Als we vertrekken miezert het een beetje, is het mistig en 18 graden. We hebben gisteravond besloten dat we dit weer niet geslaagd vinden en lager op de berghelling gaan kijken of het beter is. Het grote dalen kan beginnen. Het groen is weelderig met veel bloeiende planten, varenpalmen en hoge bomen vanwaar het Spaanse mos naar beneden hangt. Een beetje Ierland in de zomer. Beide sprookjesachtig, maar toch zo anders.
Ook vandaag lijkt weer een bijzondere dag voor hindoes. Op veel plaatsen zien we mensen in het wit op weg naar de tempel. Zou het toch de zondag zijn? Bij de tempel Bali Agung stoppen we. Een jonge man vraagt of we de fietsen veilig in de berm willen zetten. Hij legt uit dat de ceremonies bij de subak, het Balinese irrigatiesysteem, horen. Als we een sarong omdoen en niet menstrueren mogen we de tempel ingaan. Het voelt toch altijd bijzonder om zo uitgenodigd te worden.

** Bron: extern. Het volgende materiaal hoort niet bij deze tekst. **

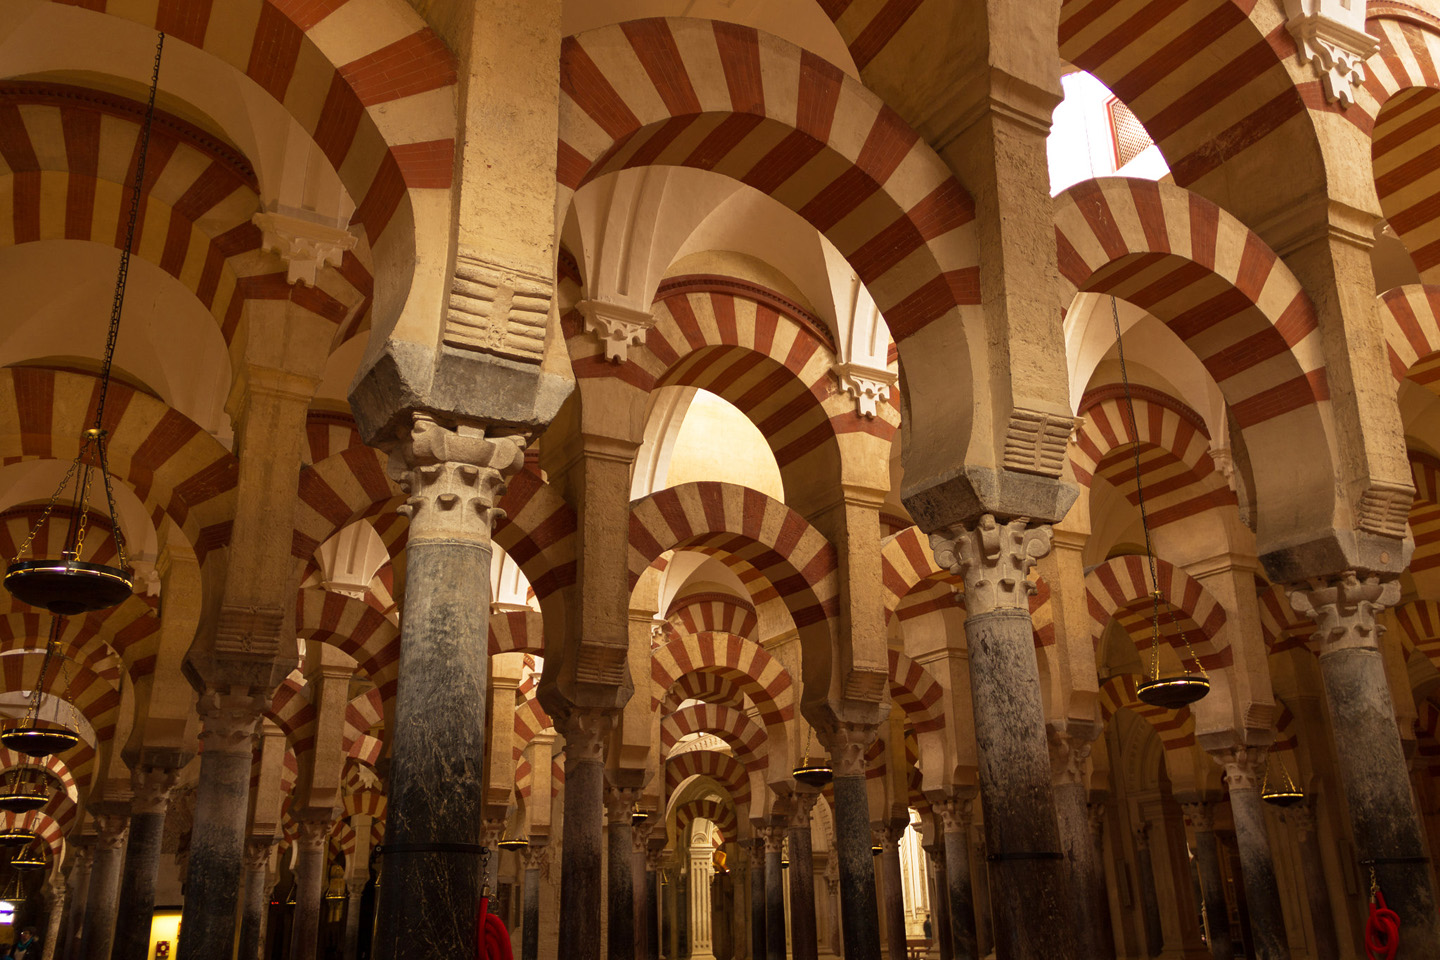 Se empezó a construir como mezquita en el año 785, con la apropiación y reutilización de los materiales de la basílica hispano-romana de San Vicente Mártir, que se hallaba en su lugar, por los conquistadores musulmanes. Tras la reconquista cristiana de Córdoba en 1236, Fernando III de Castilla convirtió la mezquita en catedral. 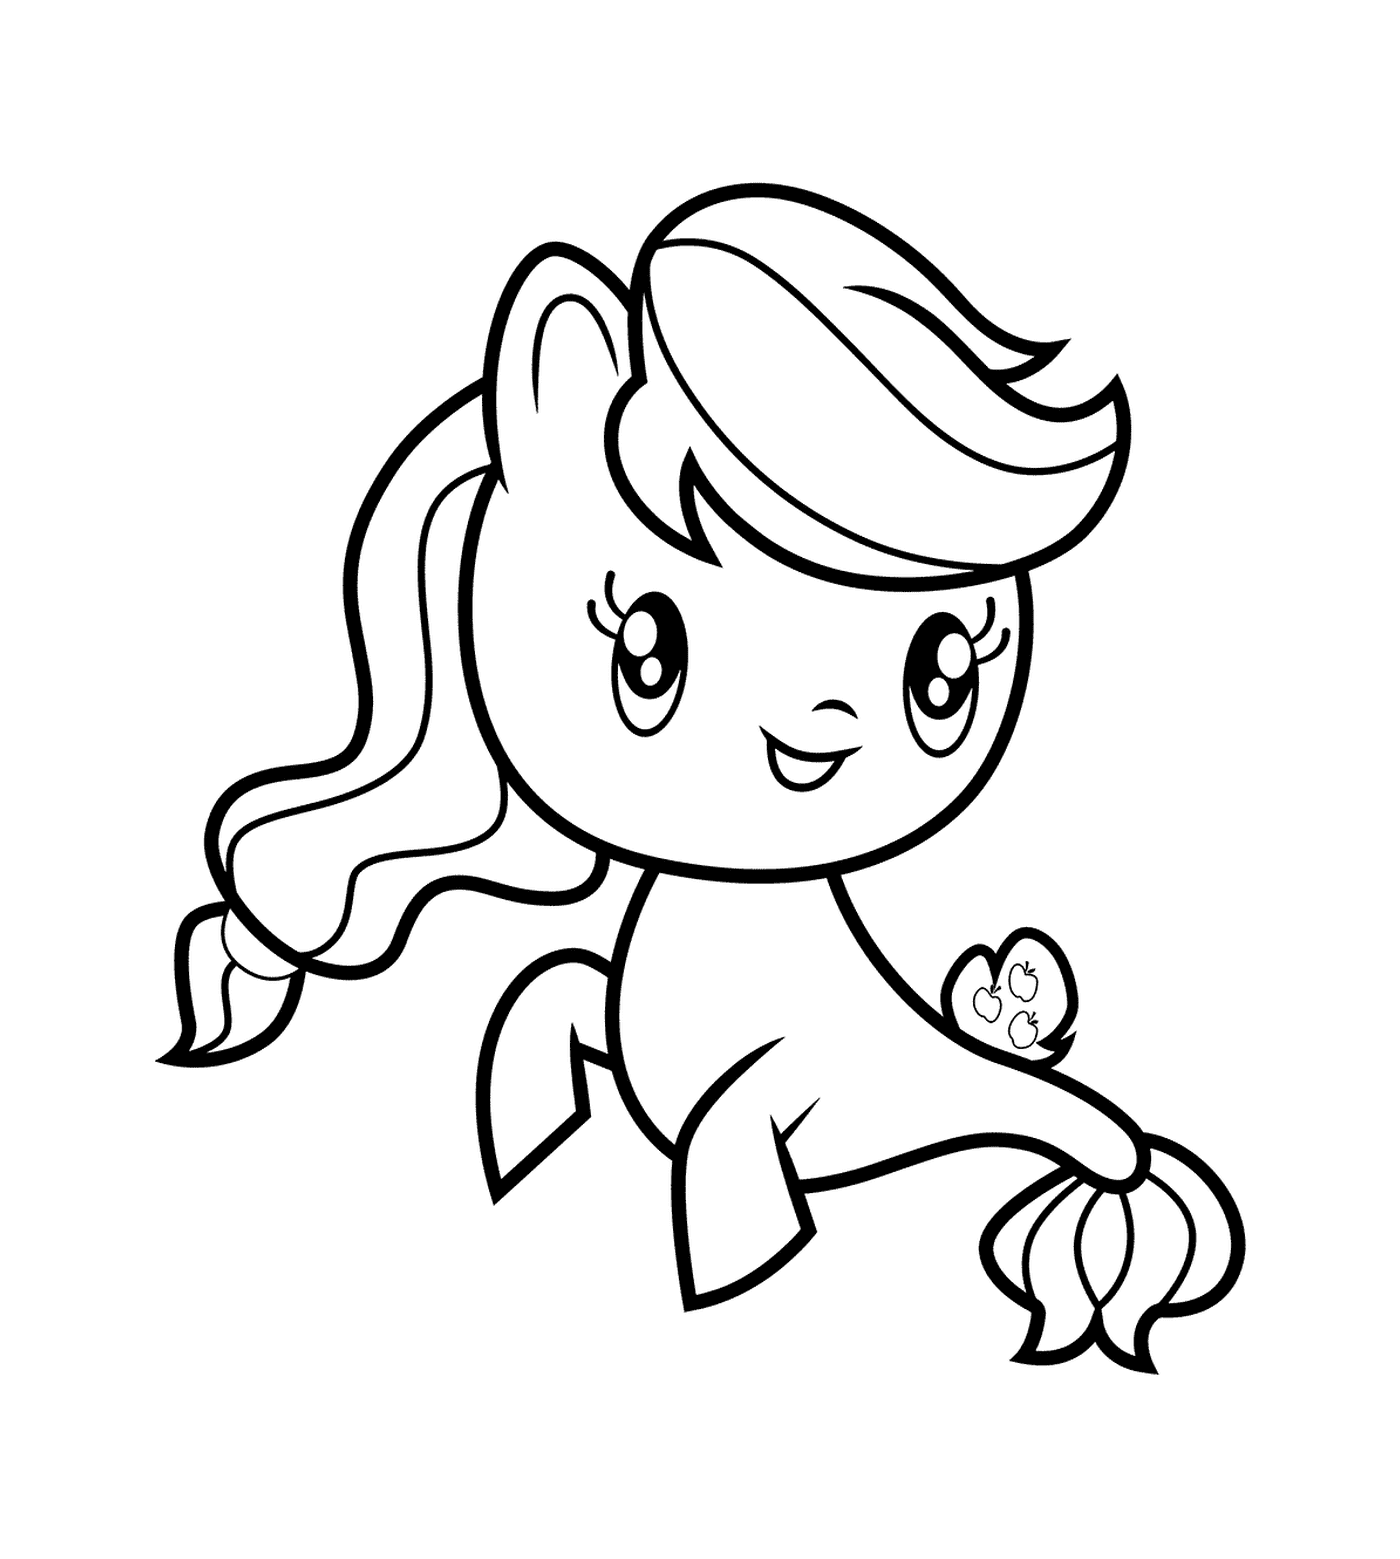  Applejack Pony of Sea da Coleção Cutie Mark

Hij reageert positief als hij hoort dat we uit Nederland komen. Voor hem geen negatief beeld van de koloniale periode. Juist toen hebben Nederlanders actief bijgedragen aan verbetering van het watersysteem. Door de verdeling van water is niet alleen noord Bali nu vruchtbaar, maar ook het zuidelijk deel.
Als we om de tempel lopen zien we hoe de versieringen worden gemaakt. Het lijkt wel een beetje op een praalwagen voor carnaval in Nederland.
Aan het eind van de ochtend komen we aan bij ons hotel. Het ligt aan de rand van de rijstvelden. Het toegangspad naar ons huisje loopt parallel aan het waterverdeelsysteem. Ons uitzicht is over de rijst is zoveel beter dan die mist van vanochtend, zelfs als het regent.
Onze middagwandeling, het is immers zondag, was overweldigend. Zo groen, zo mooi. De sawa’s met rijst, de met mos begroeide tempel, zelfs suikerriet. Wat zullen we dit gaan missen. Morgen onze laatste fietsdag op Bali, op weg naar Seminyak.
Die sarong is top! Volgende keer wel je jekkie uit voor de foto 😉 Geweldige avontuur!